June 2075 lunar eclipse
- Date: June 28, 2075
- Gamma: 0.6897
- Magnitude: 0.6235
- Saros cycle: 121 (59 of 84)
- Partiality: 156 minutes, 58 seconds
- Penumbral: 283 minutes, 25 seconds
- P1: 7:31:26
- U1: 8:34:40
- Greatest: 9:53:09
- U4: 11:11:38
- P4: 12:14:51

= June 2075 lunar eclipse =

Future partial lunar eclipse

A partial lunar eclipse will occur at the Moon’s descending node of orbit on Friday, June 28, 2075, with an umbral magnitude of 0.6235. A lunar eclipse occurs when the Moon moves into the Earth's shadow, causing the Moon to be darkened. A partial lunar eclipse occurs when one part of the Moon is in the Earth's umbra, while the other part is in the Earth's penumbra. Unlike a solar eclipse, which can only be viewed from a relatively small area of the world, a lunar eclipse may be viewed from anywhere on the night side of Earth. Occurring only about 5.5 hours after perigee (on June 28, 2075, at 4:10 UTC), the Moon's apparent diameter will be larger.

== Visibility ==
The eclipse will be completely visible over eastern Australia, western North America, Antarctica, and the central and eastern Pacific Ocean, seen rising over east Asia and western Australia and setting over much of North and South America.

== Eclipse details ==
Shown below is a table displaying details about this particular solar eclipse. It describes various parameters pertaining to this eclipse.

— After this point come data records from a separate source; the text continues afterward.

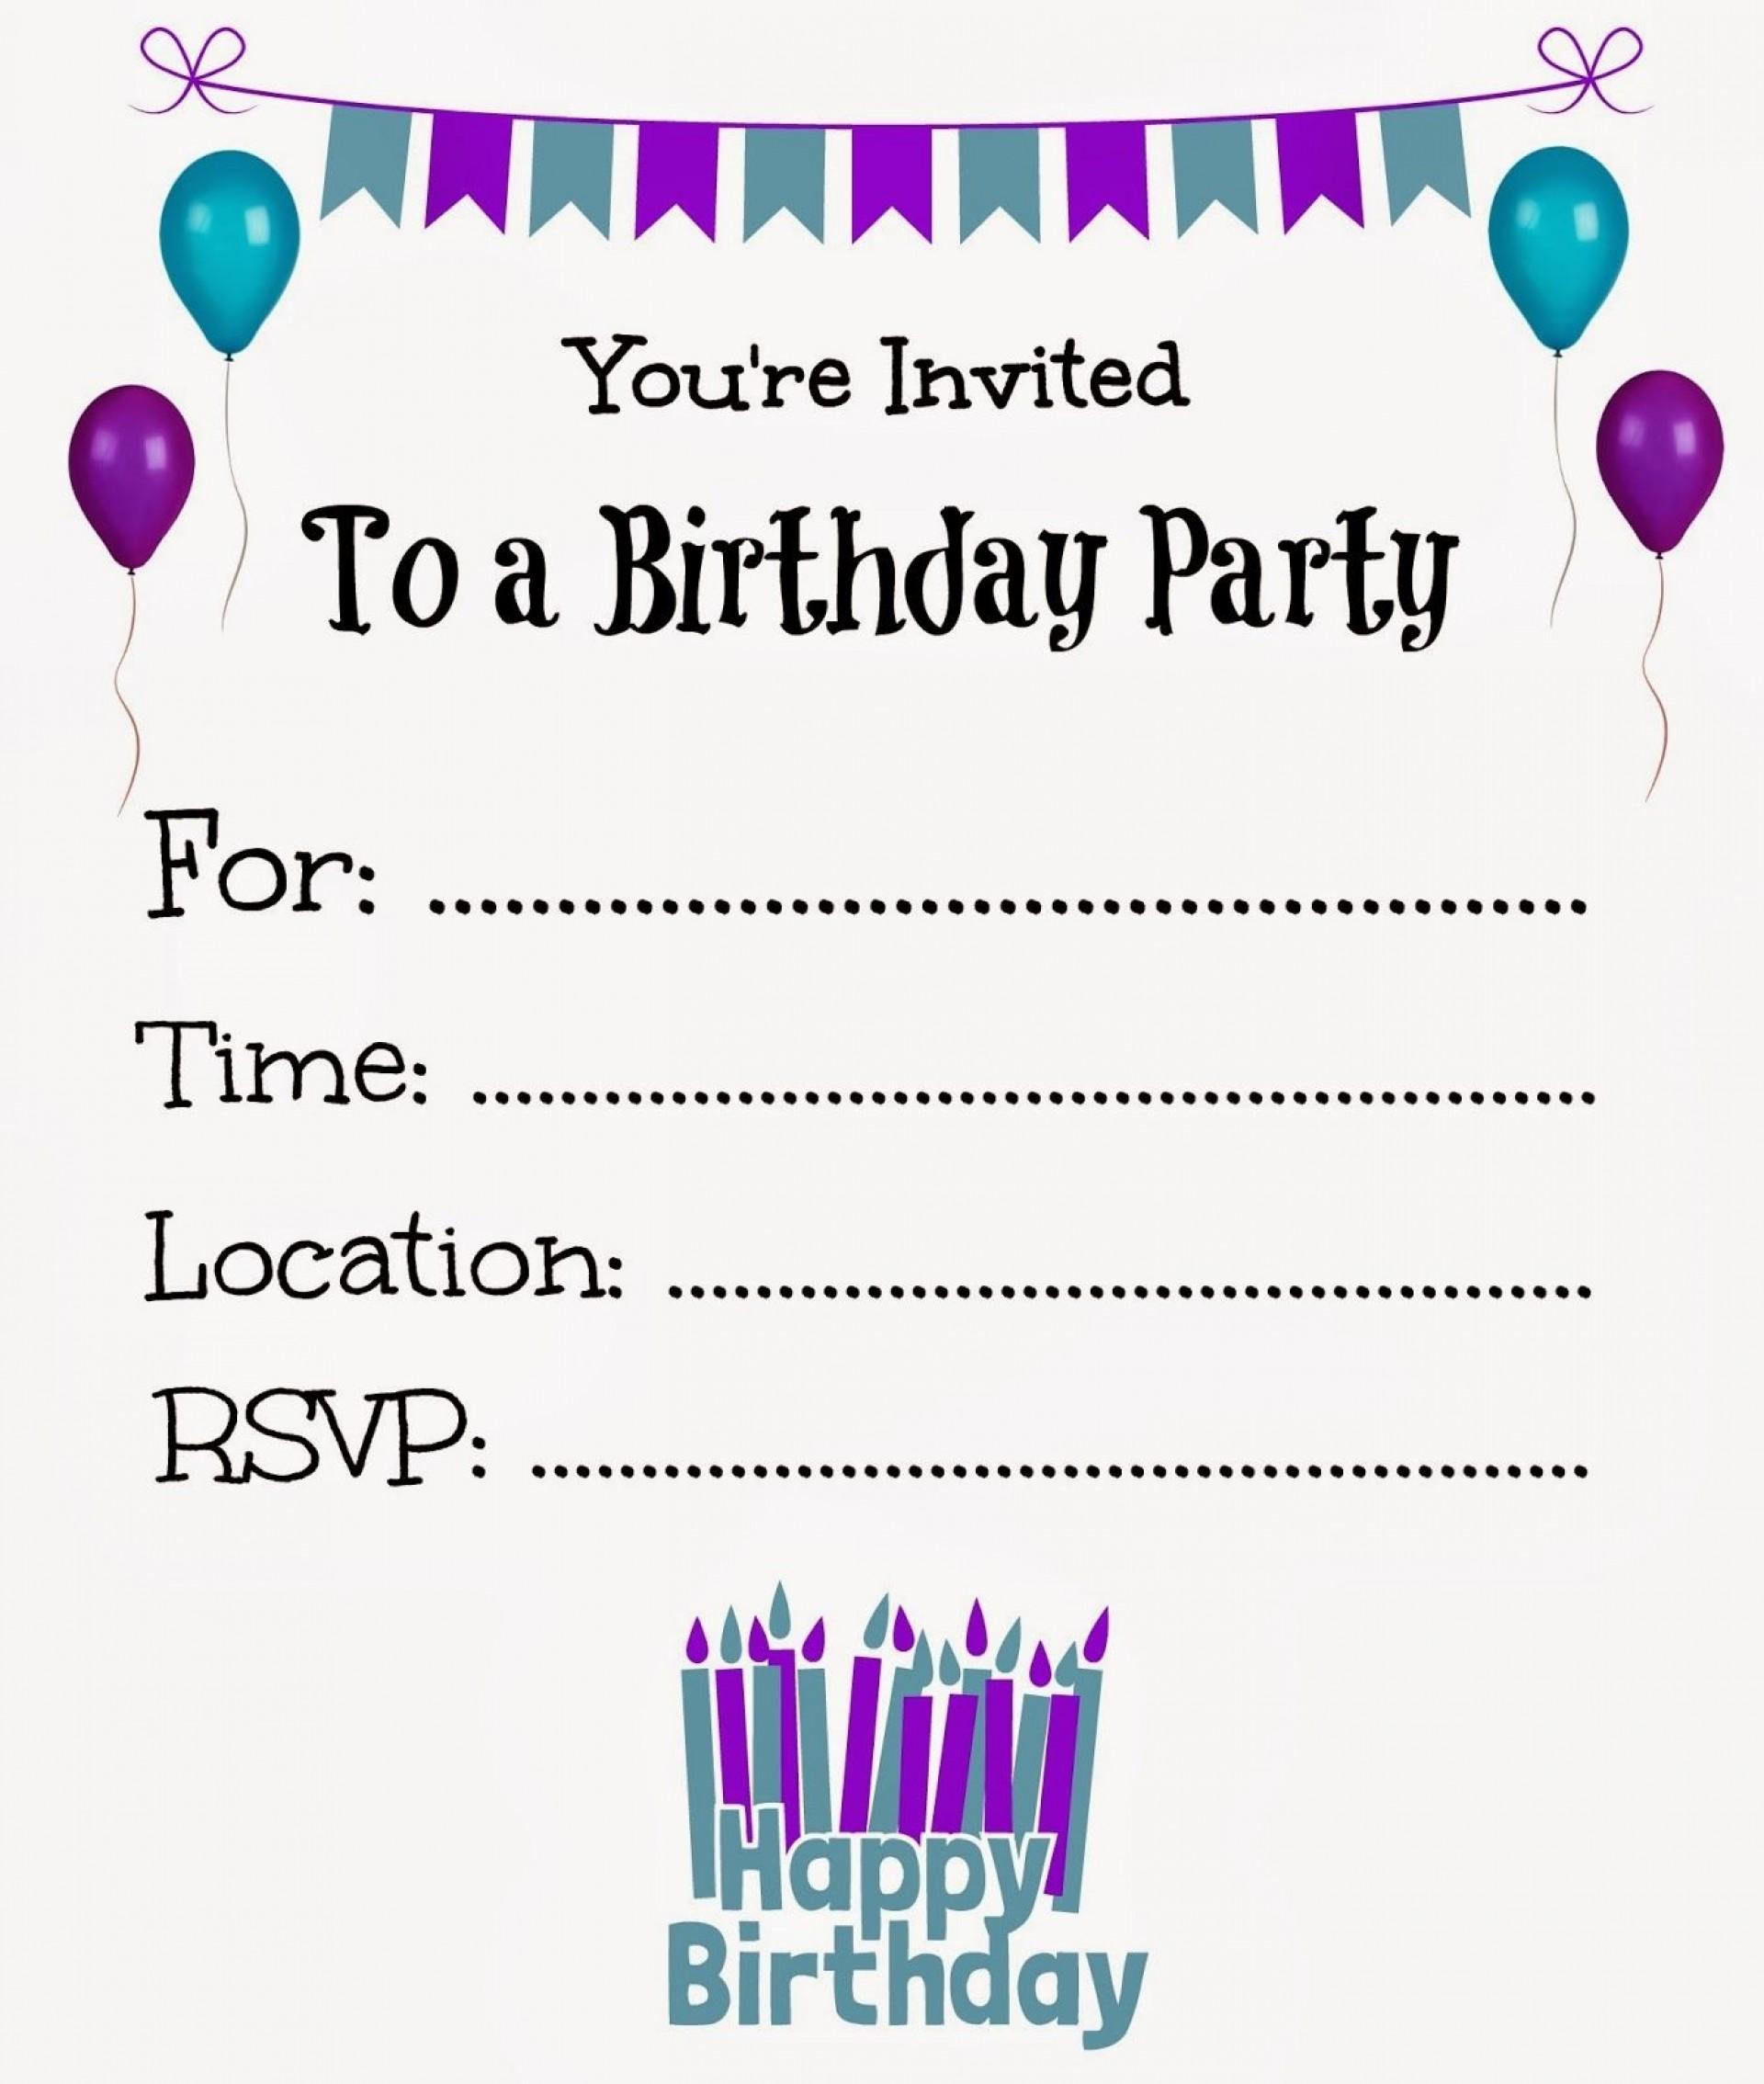 008 Stunning Free Printable Party Invitation Template Design  Templates Beach Spa Tea1920
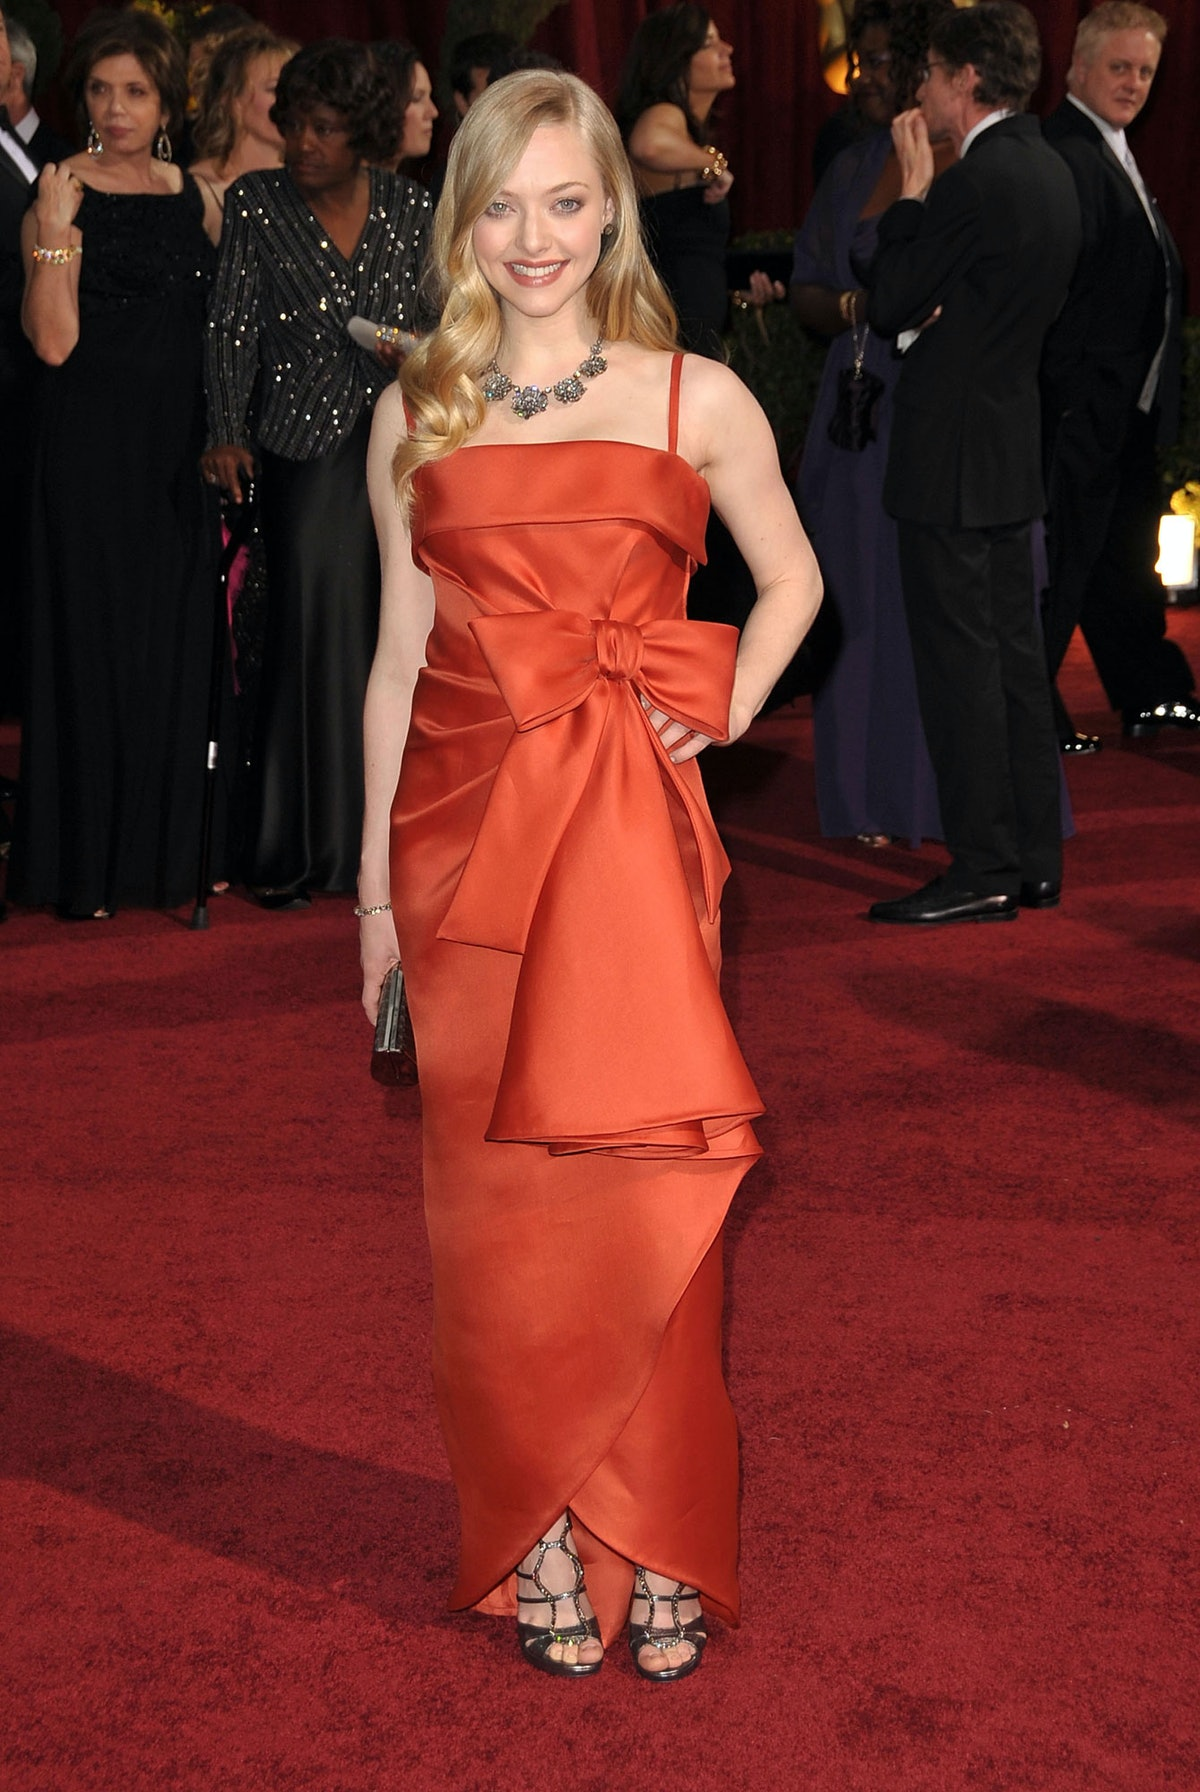 Amanda Seyfried 2009 Oscars
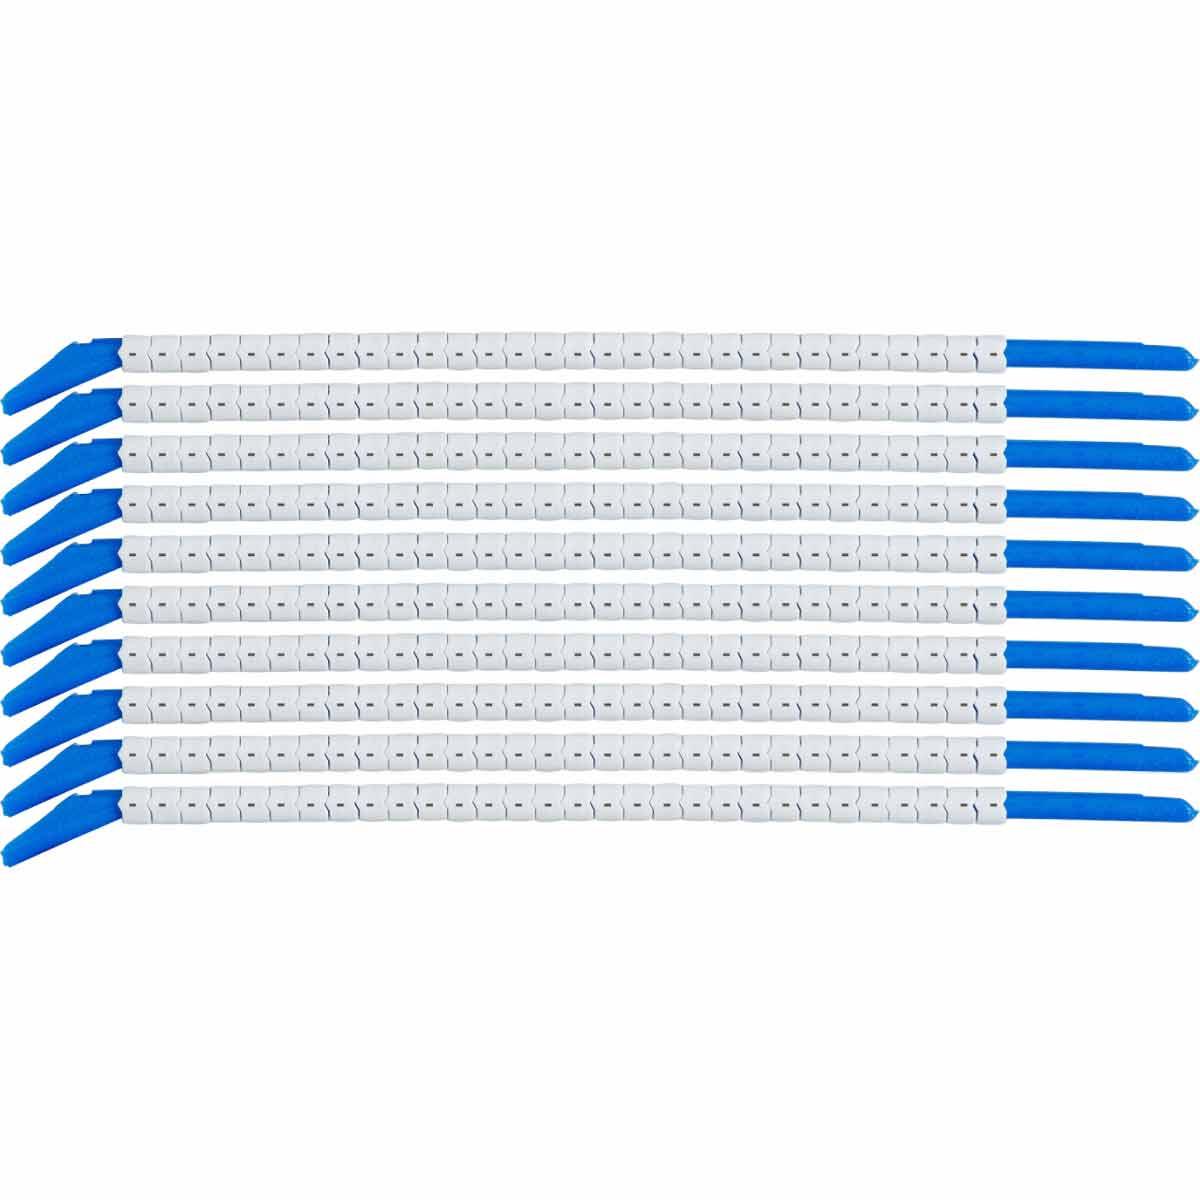 BRADY SCN13-MINUS Clip Sleeve &Wire Markers - Legend: -

June 28, 2075 Lunar Eclipse Parameters
| Parameter | Value |
|---|---|
| Penumbral Magnitude | 1.56389 |
| Umbral Magnitude | 0.62349 |
| Gamma | 0.68971 |
| Sun Right Ascension | 06h29m58.9s |
| Sun Declination | +23°14'59.1" |
| Sun Semi-Diameter | 15'44.0" |
| Sun Equatorial Horizontal Parallax | 08.7" |
| Moon Right Ascension | 18h30m07.3s |
| Moon Declination | -22°32'40.9" |
| Moon Semi-Diameter | 16'43.9" |
| Moon Equatorial Horizontal Parallax | 1°01'24.3" |
| ΔT | 104.0 s |

== Eclipse season ==

This eclipse is part of an eclipse season, a period, roughly every six months, when eclipses occur. Only two (or occasionally three) eclipse seasons occur each year, and each season lasts about 35 days and repeats just short of six months (173 days) later; thus two full eclipse seasons always occur each year. Either two or three eclipses happen each eclipse season. In the sequence below, each eclipse is separated by a fortnight.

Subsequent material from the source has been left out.